I am attempting a resuscitation on this pitiful blog that I let fall into a coma about two years ago. Why, I hear you asking yourself, did I let it slip away in the first place?
That's it. My simple, straightforward and unadorned confession of weakness.
When I write, I like to use humor, I like to feel witty and amuse people. When I am stressed out or unhappy I don't write... In fact, except for some rare exceptions, when I am depressed, I communicate as little as possible (except to my hubby...and I apologize profusely for making him listen to me... and he chastises me for apologizing... we came up with this system ourselves and we are very proud of it).
I am about to change that.
When I am unhappy, stressed out, pissed off, scared, or even just feeling maudlin I am going to let it out here. When I am happy, excited, hyper and just jacked on life in general that's going to be here too.
I am bipolar with a severe anxiety disorder.
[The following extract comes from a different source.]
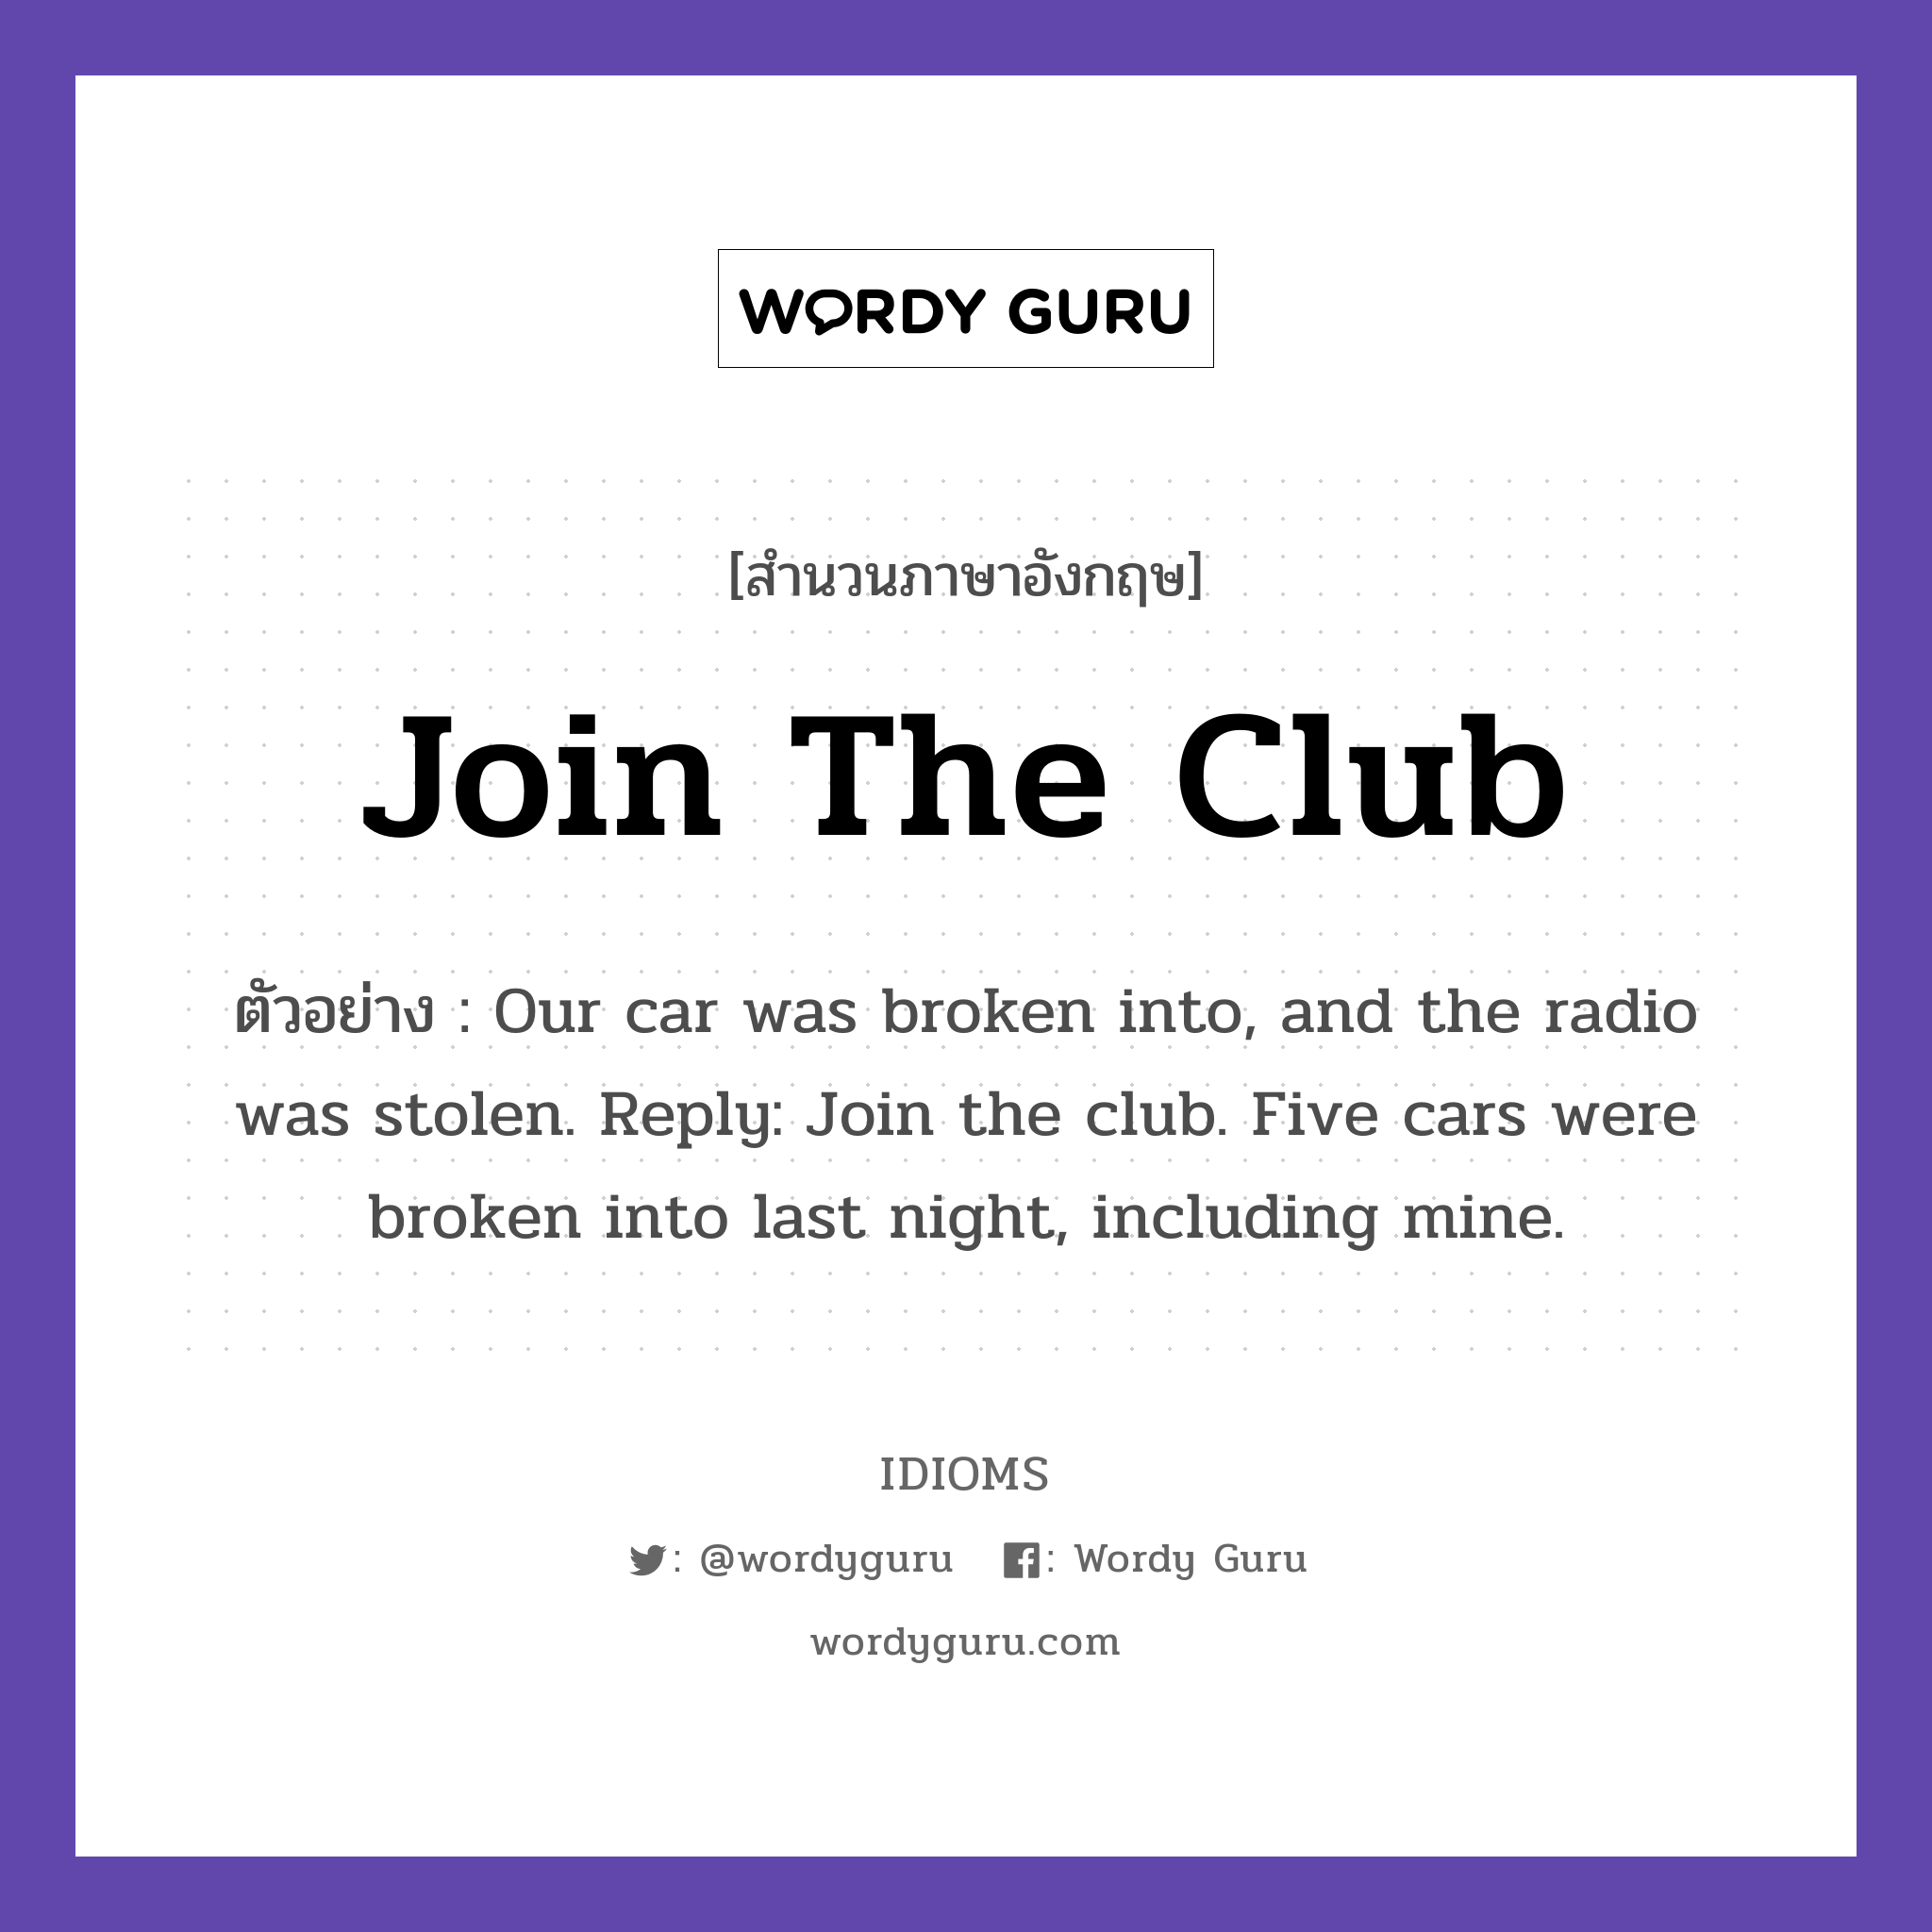 Join The Club แปลว่า?, สำนวนภาษาอังกฤษ Join The Club ตัวอย่าง Our car was broken into, and the radio was stolen. Reply: Join the club. Five cars were broken into last night, including mine.

I have friends who are also bipolar, suffer from chronic depression, have personality disorders and some of you are pretty damn near psychotic. In all honesty, when I spend any extended amount of time talking to someone who seems entirely normal, I start to worry. How fucked up do you have to be in order to hide it that well.
So I want all my beautifully damaged peoples to hang here with me. Be prepared for all of it, ranting, laughing, crying, raging, horrifying punctuation problems, misspellings and any random weirdness that just happens to be taking a stroll through my head. I will at least try to keep it interesting.
Oh... also a quick note about comments. You can say any damn thing you feel like saying. If I am going to lay it all out here...I will expect no less from y'all.